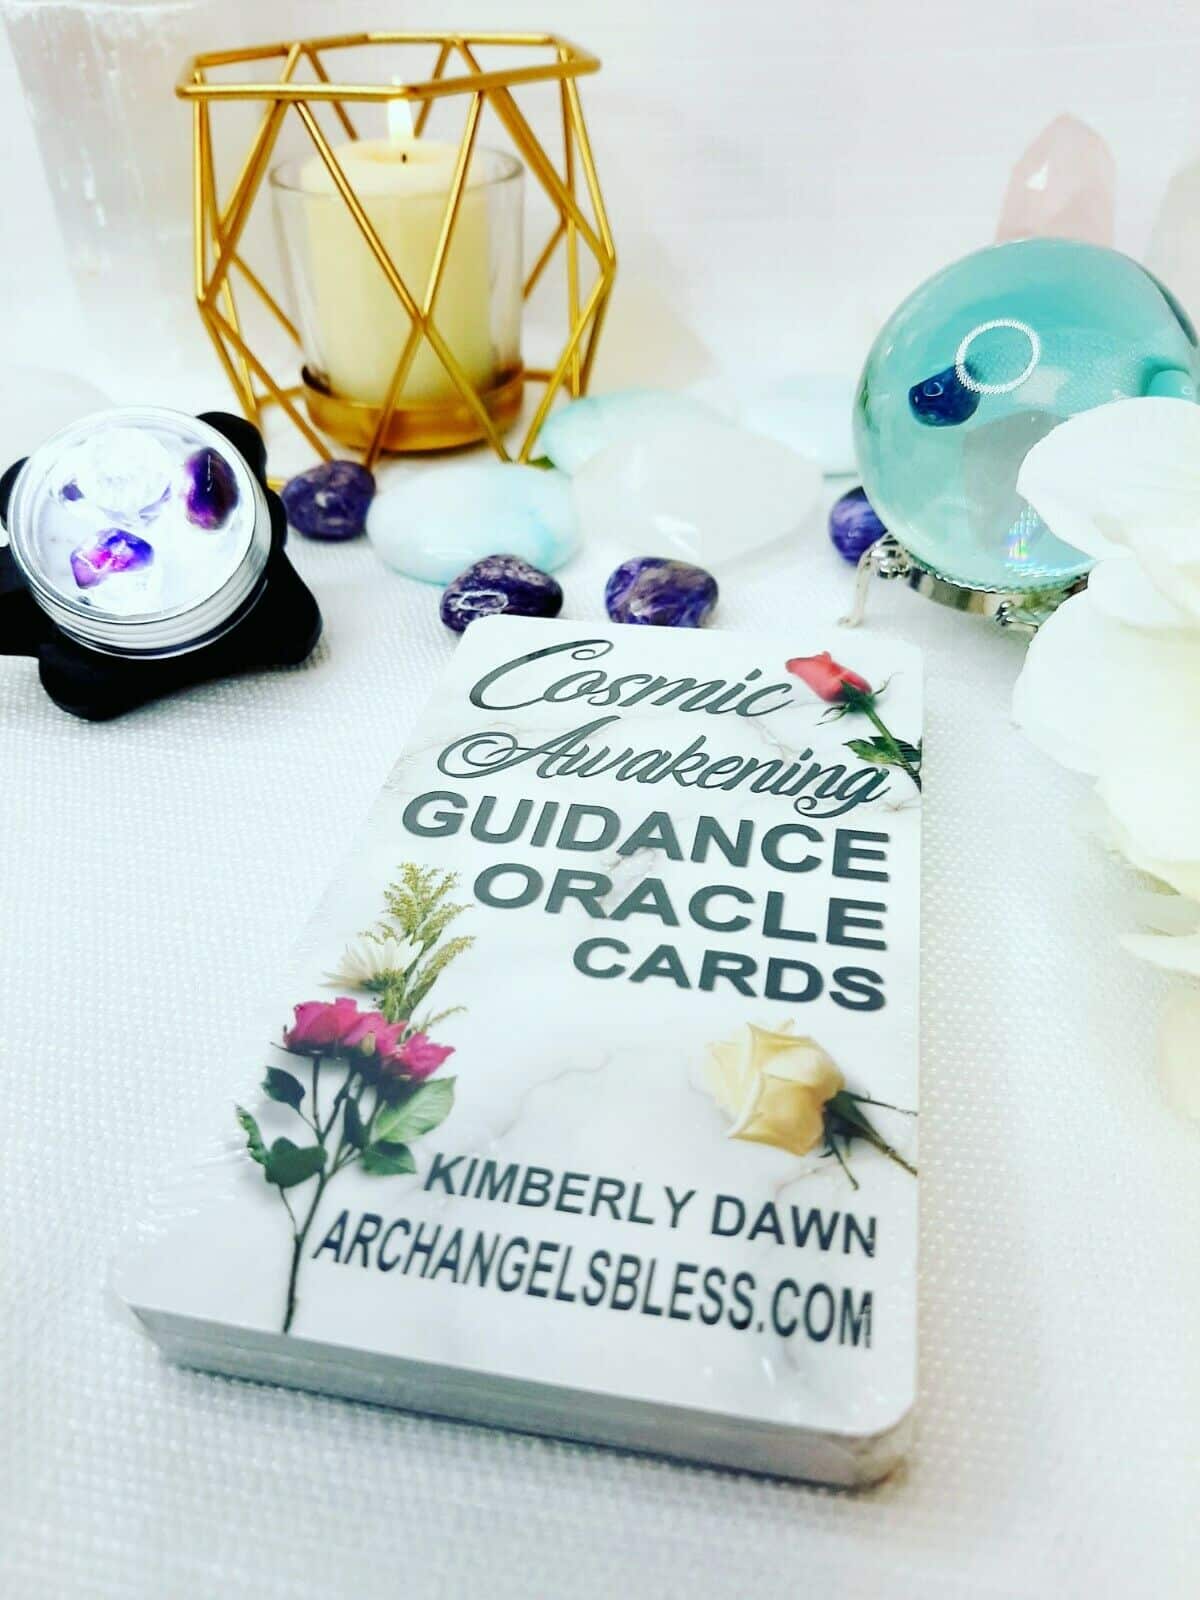 NEW Cosmic Awakening Guidance Oracle Cards [Blessed by the Archangels]
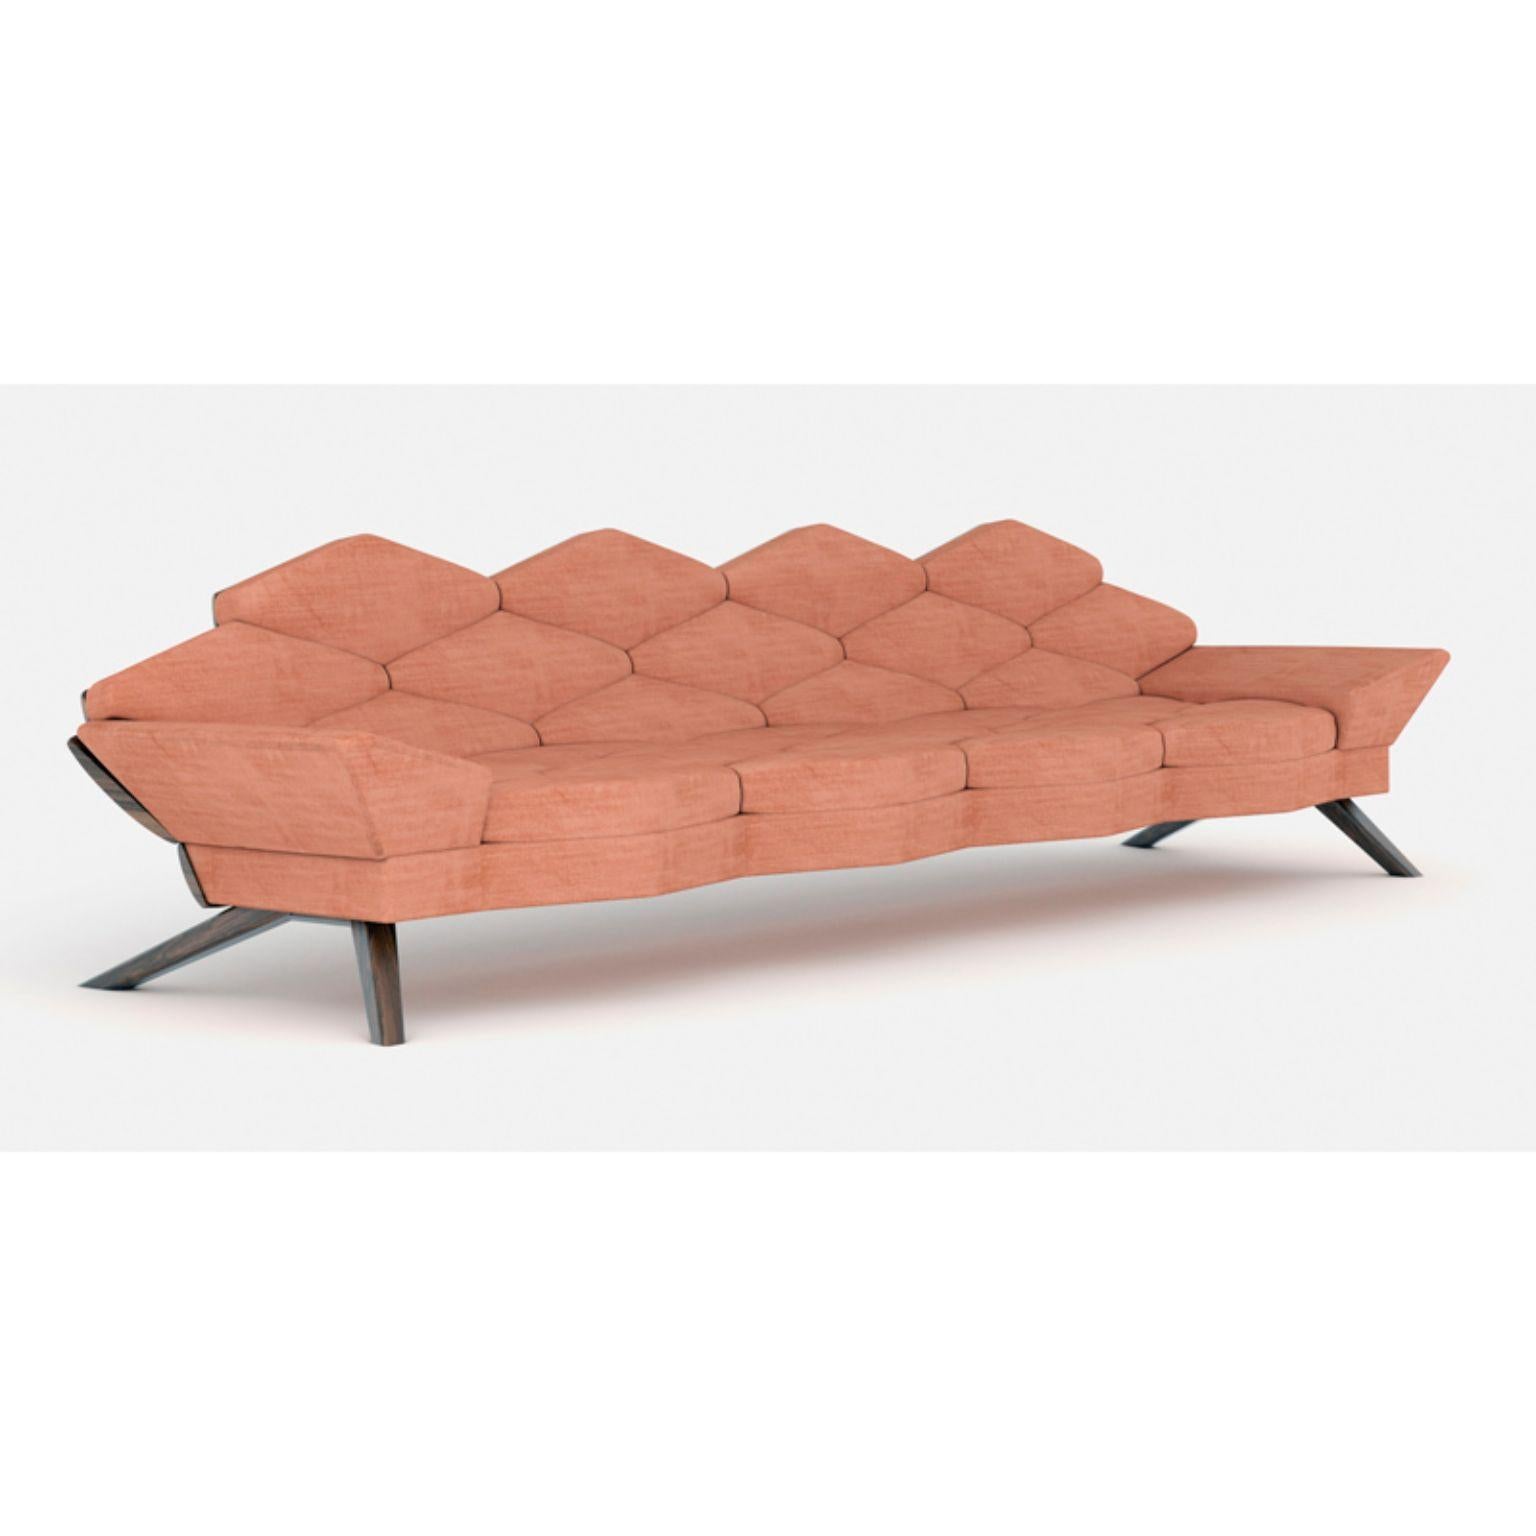 Hive Sofa 400 by Alexandre Caldas
Dimensions: W 400 x D 100 x H 75 cm
Materials: Solid walnut wood, fabric

Materials available in ash, mutene, walnut
Seat available in fabric, leather, corkfabric
Sound system integrated with bluetooth technology
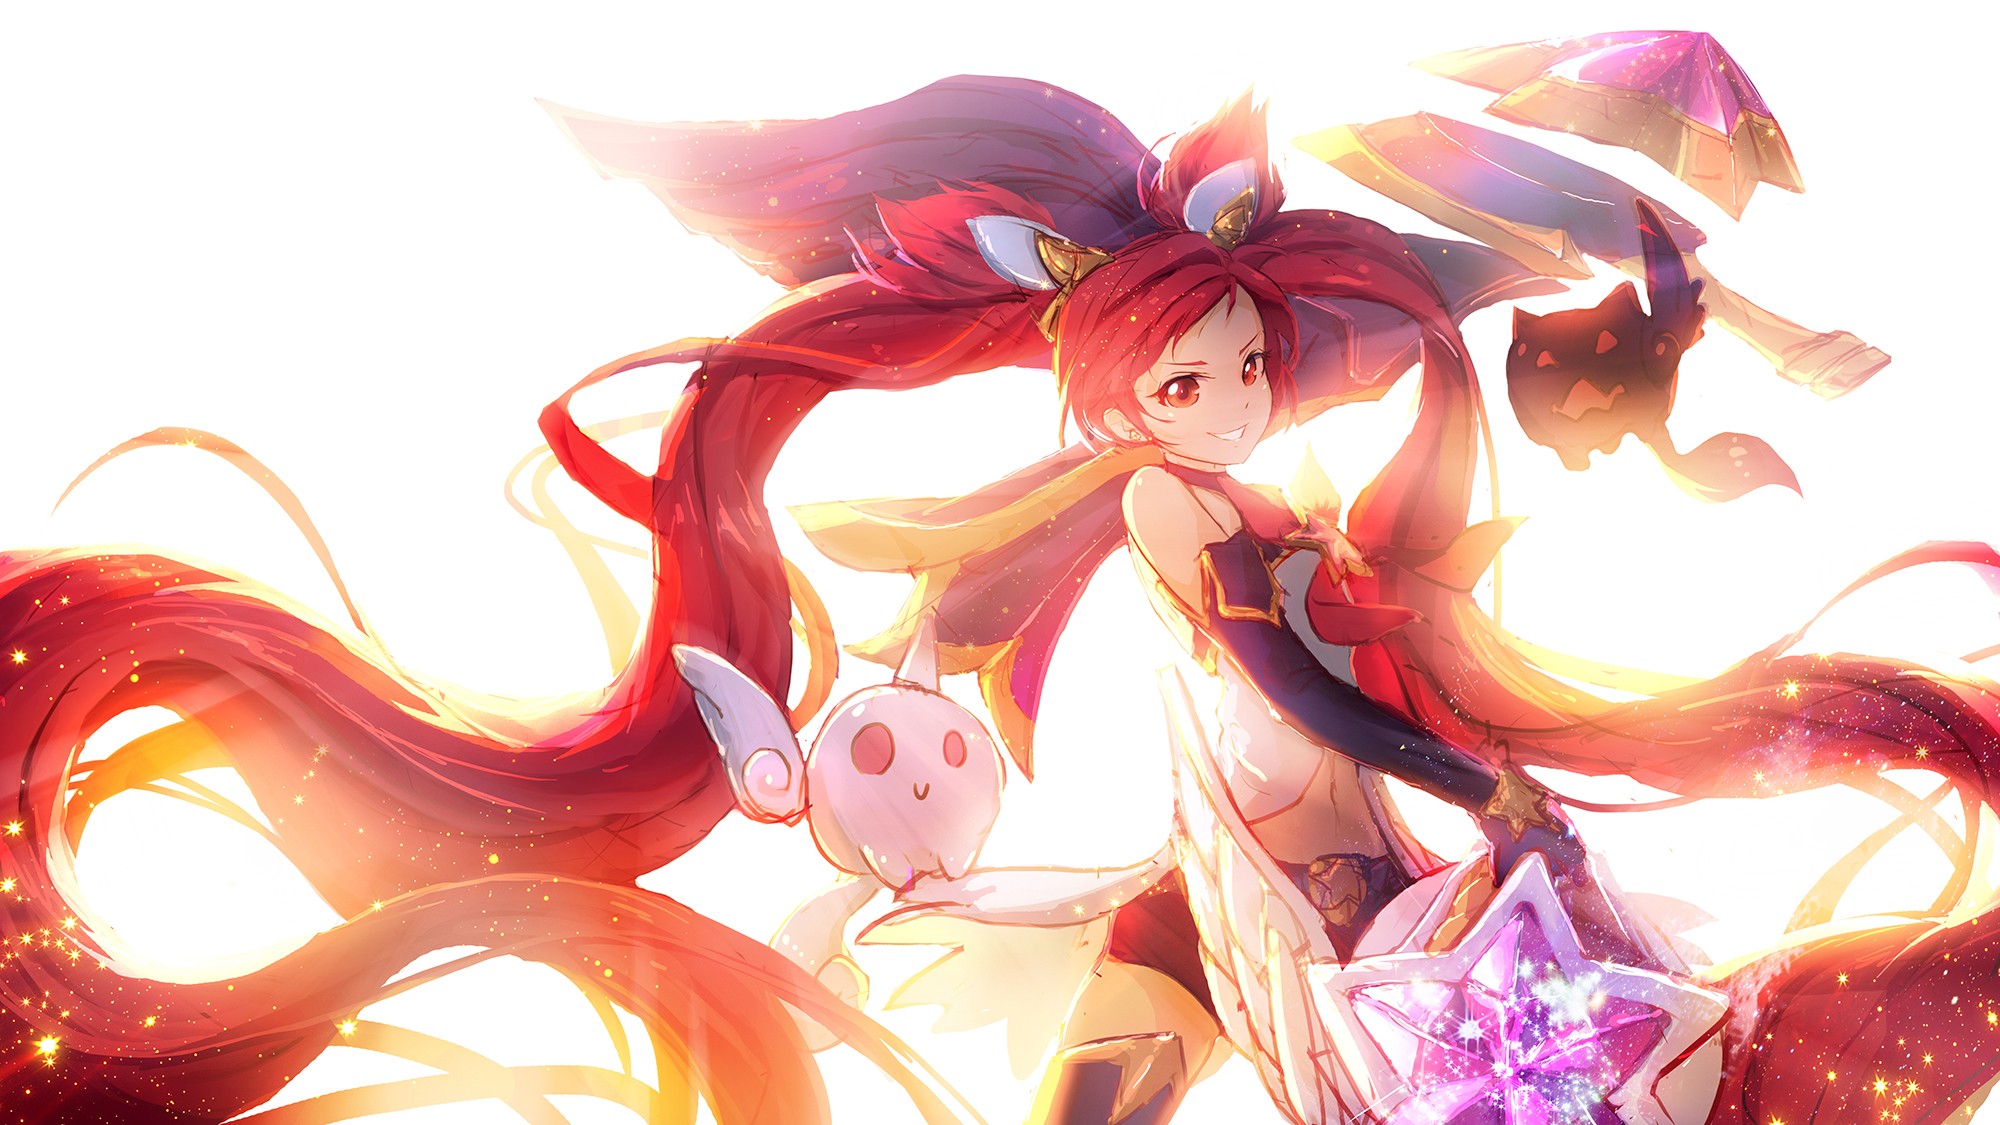 Anime 2000x1125 anime anime girls League of Legends Jinx (League of Legends) long hair redhead red eyes Star Guardian video game characters Pixiv digital glowing smiling video game art fan art video game girls

○ ○ ○

» TASK ITEM
Reproduce the listing word for word, but keep the pictures out of it.

» TASK RESPONSE
 NEW Cosmic Awakening Guidance Oracle Cards [Blessed by the Archangels]
 Hive Sofa 400 by Alexandre Caldas
Dimensions: W 400 x D 100 x H 75 cm
Materials: Solid walnut wood, fabric

Materials available in ash, mutene, walnut
Seat available in fabric, leather, corkfabric
Sound system integrated with bluetooth technology
 Anime 2000x1125 anime anime girls League of Legends Jinx (League of Legends) long hair redhead red eyes Star Guardian video game characters Pixiv digital glowing smiling video game art fan art video game girls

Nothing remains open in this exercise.